▶ **Dataset content**:
┌────────

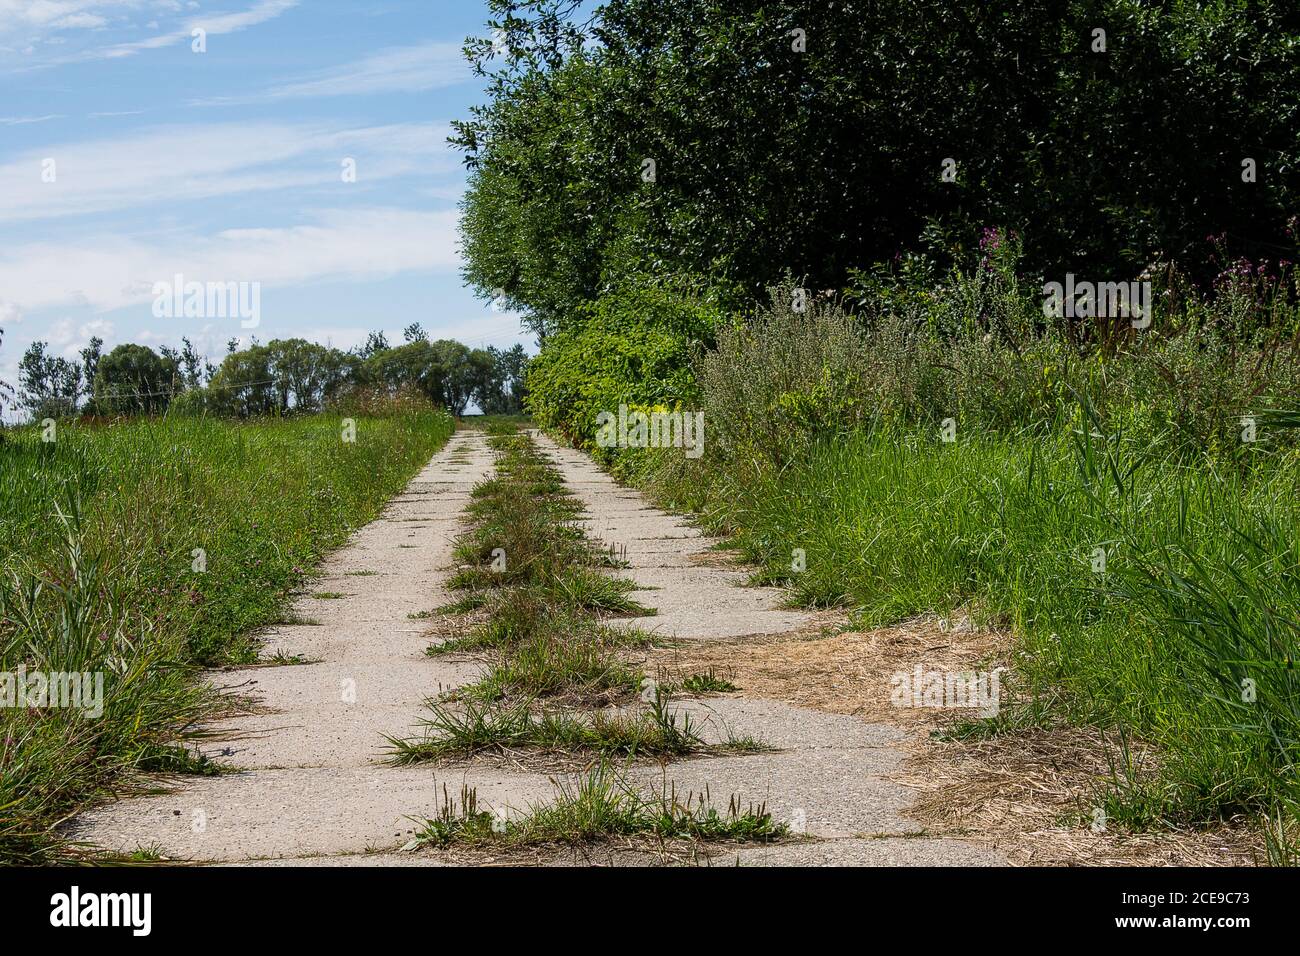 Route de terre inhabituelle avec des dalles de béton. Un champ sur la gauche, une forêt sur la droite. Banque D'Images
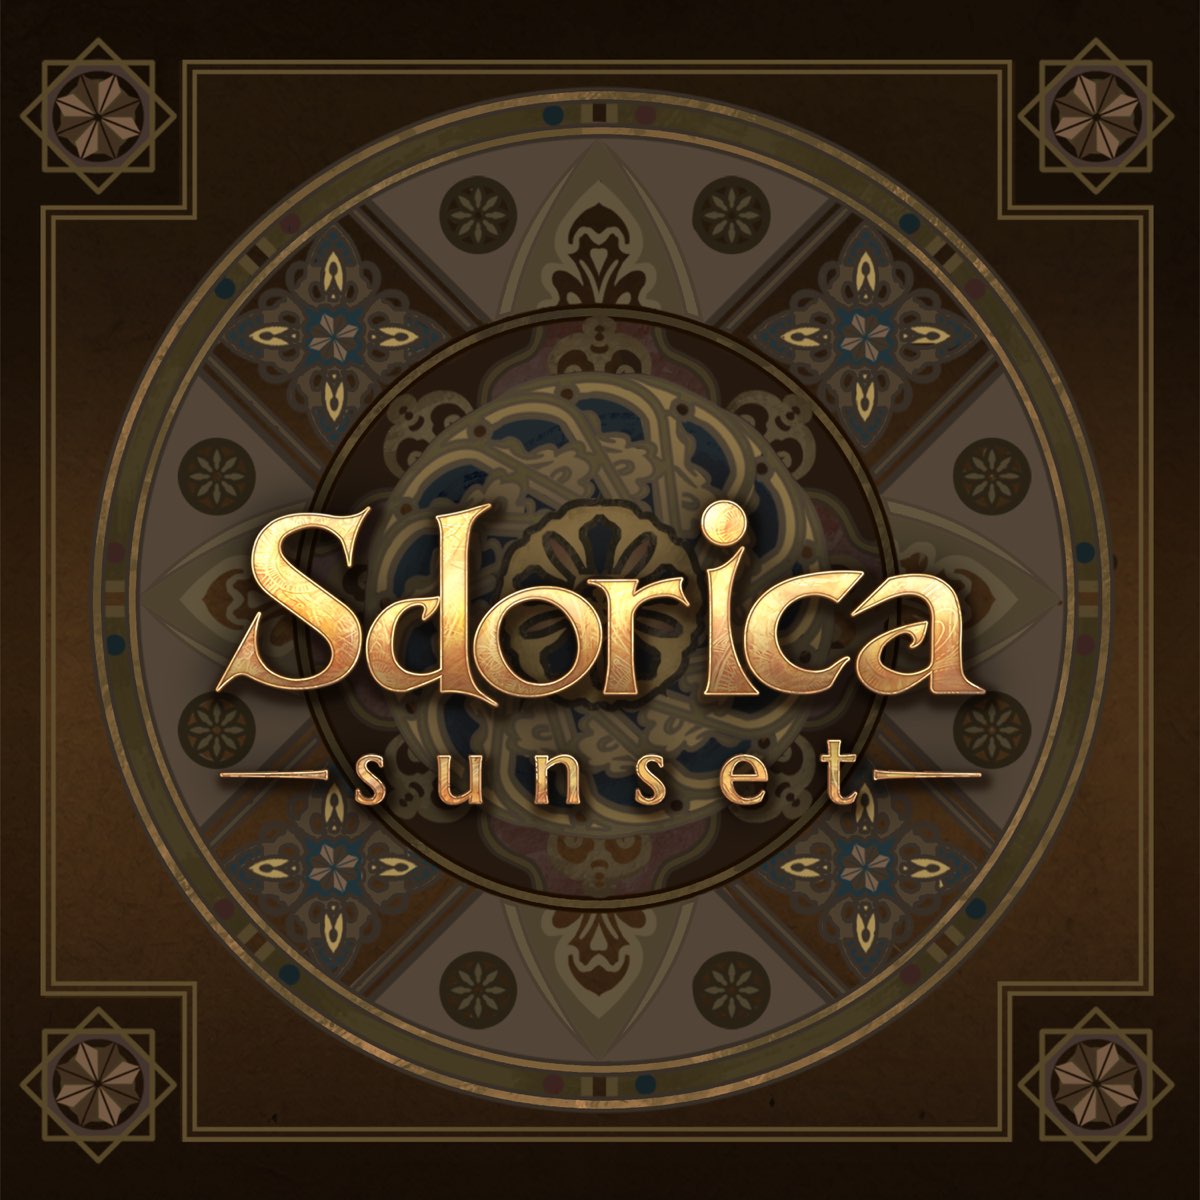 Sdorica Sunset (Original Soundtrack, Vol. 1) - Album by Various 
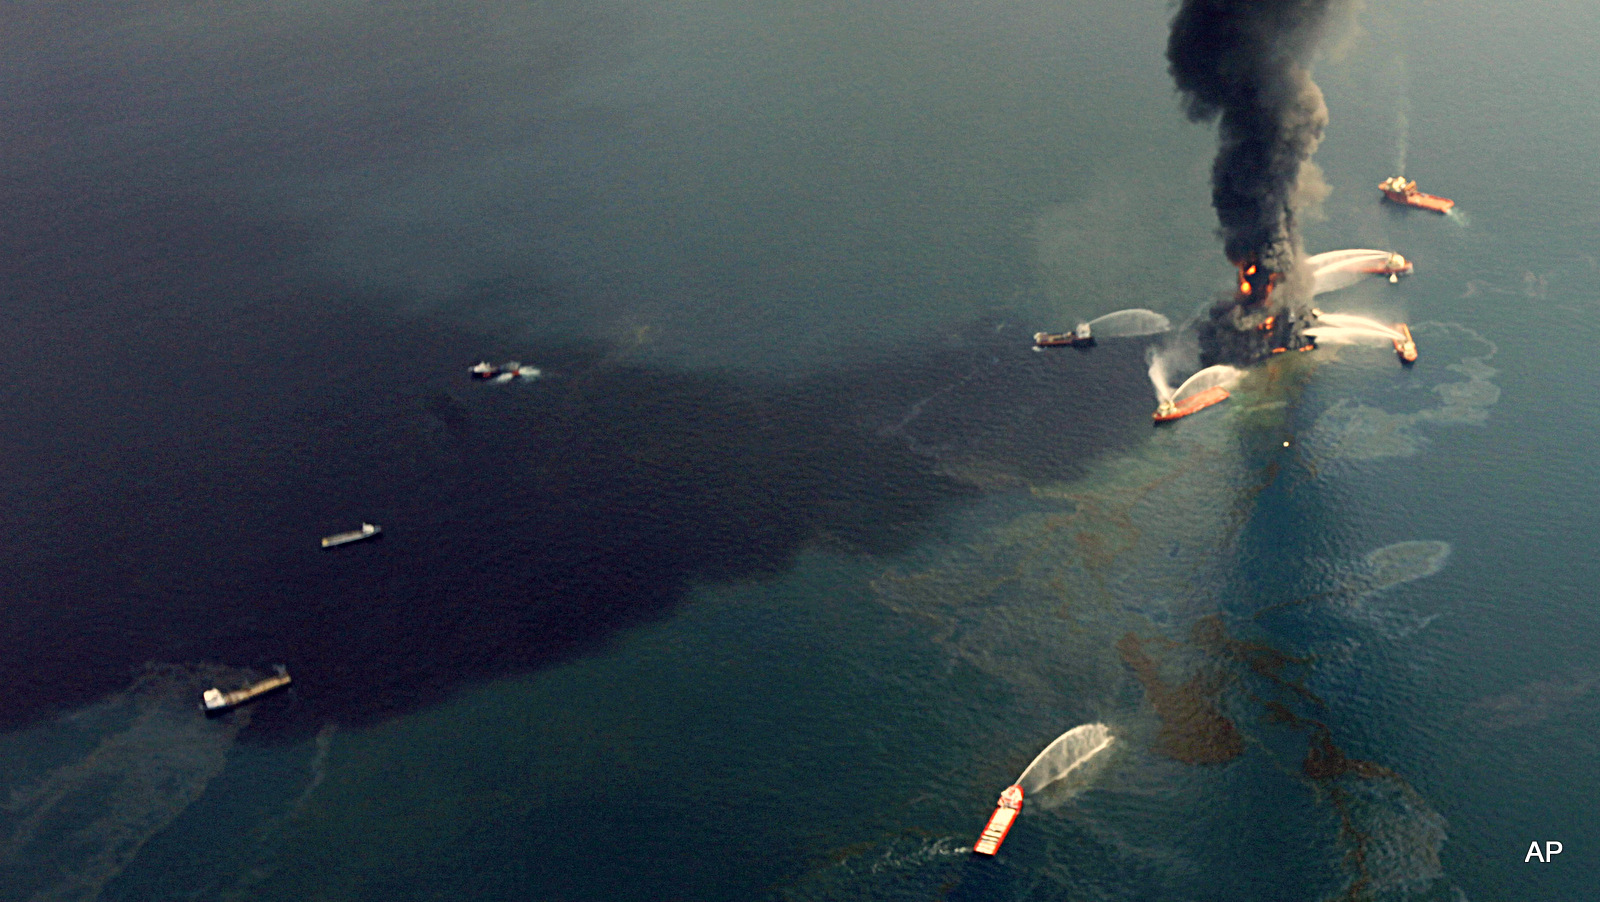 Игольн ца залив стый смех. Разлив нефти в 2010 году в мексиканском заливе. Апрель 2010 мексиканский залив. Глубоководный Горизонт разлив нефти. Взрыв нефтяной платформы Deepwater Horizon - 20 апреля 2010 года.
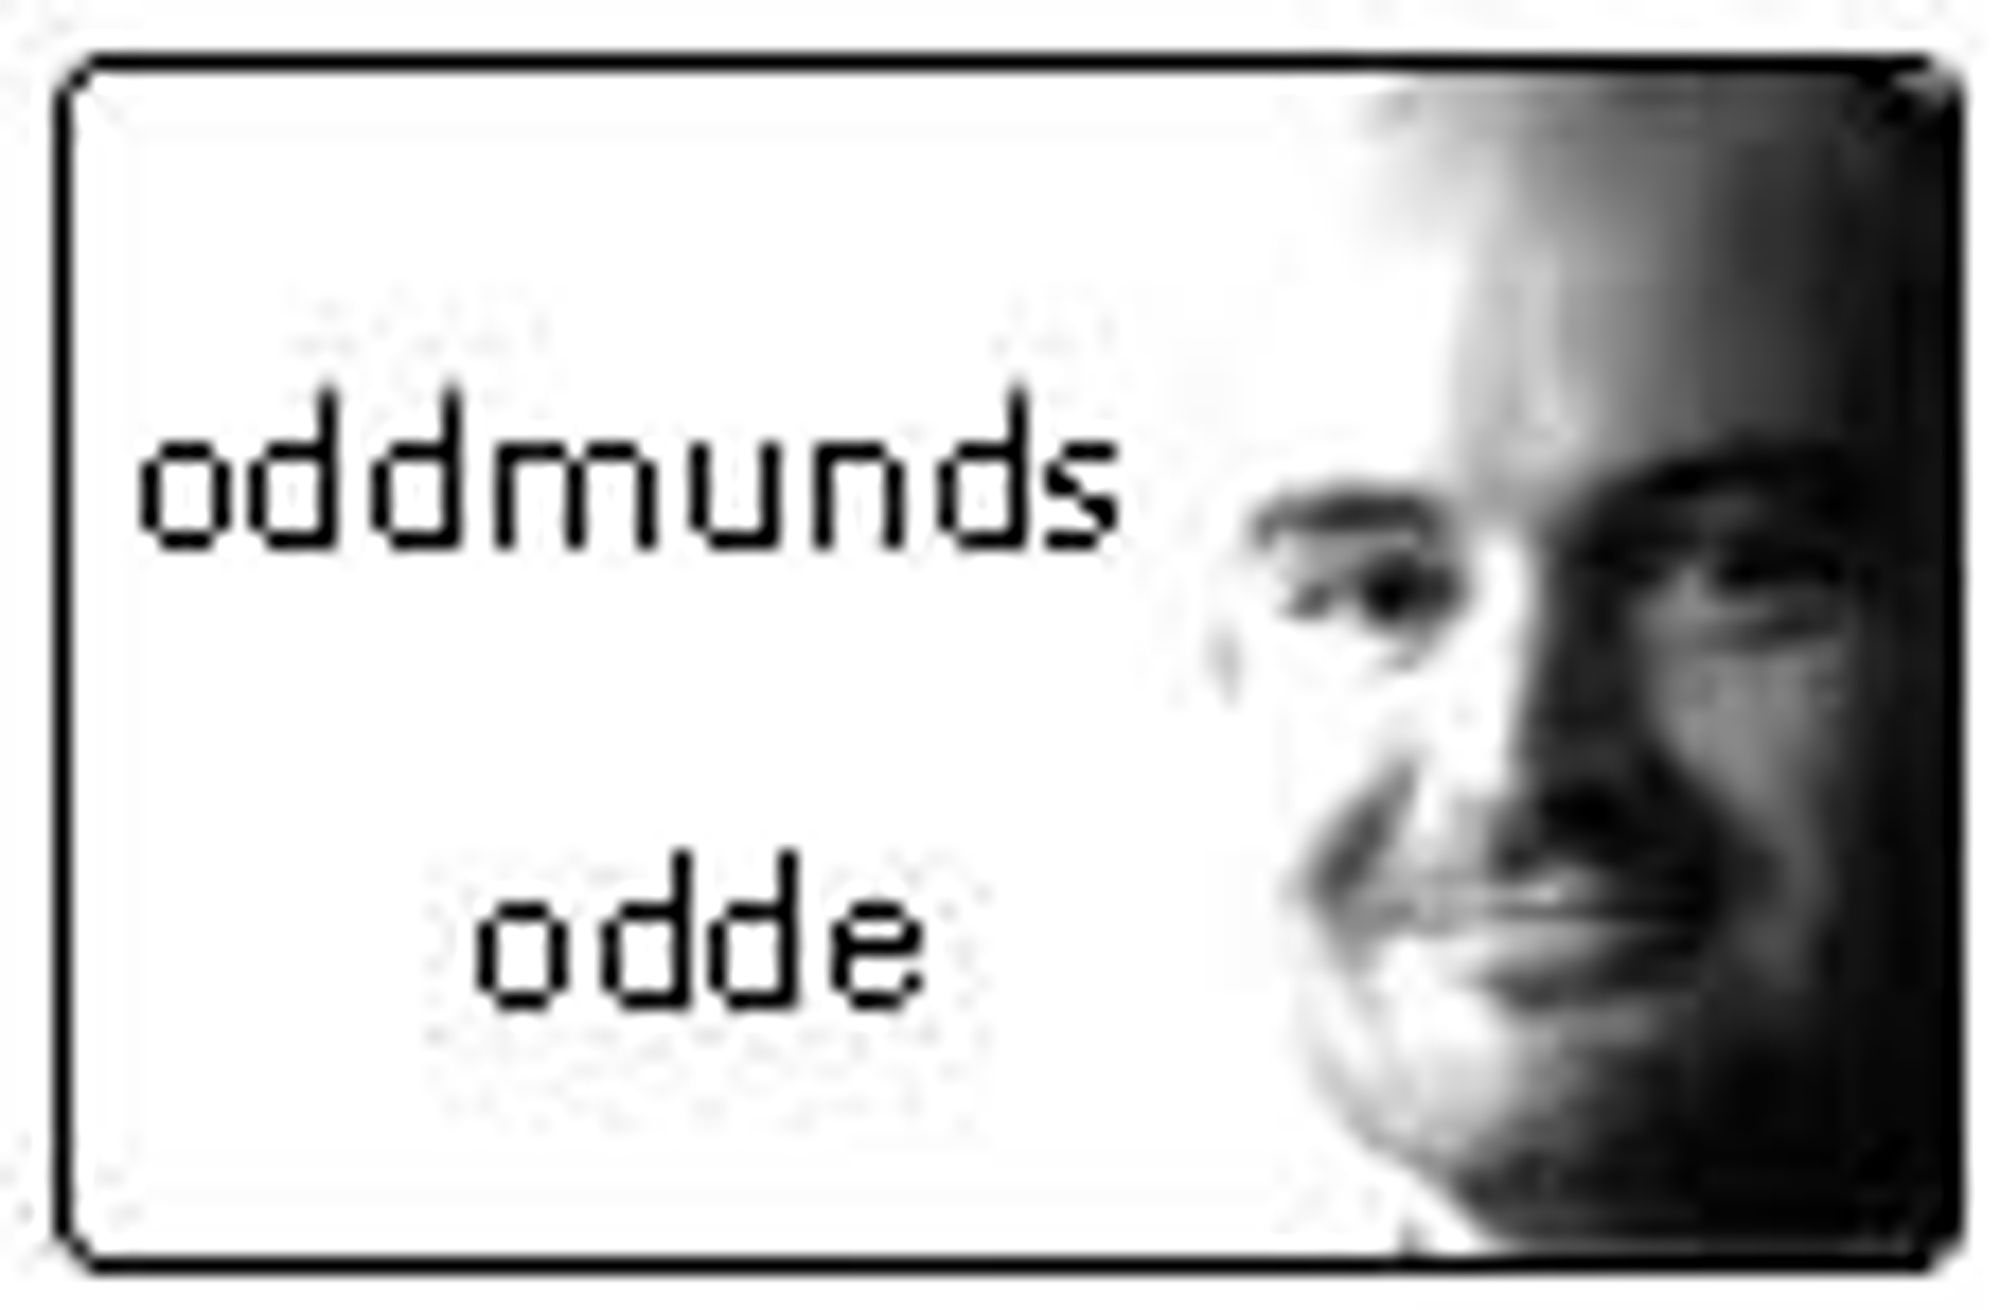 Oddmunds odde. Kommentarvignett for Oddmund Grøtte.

└────────

▶ **Task prompt**:
Copy exactly the lines from the line that holds "Игольн ца залив" to the end of the listing, both included. Leave the pictures out.

▶ **Reply**:
 Игольн ца залив стый смех. Разлив нефти в 2010 году в мексиканском заливе. Апрель 2010 мексиканский залив. Глубоководный Горизонт разлив нефти. Взрыв нефтяной платформы Deepwater Horizon - 20 апреля 2010 года.
 Oddmunds odde. Kommentarvignett for Oddmund Grøtte.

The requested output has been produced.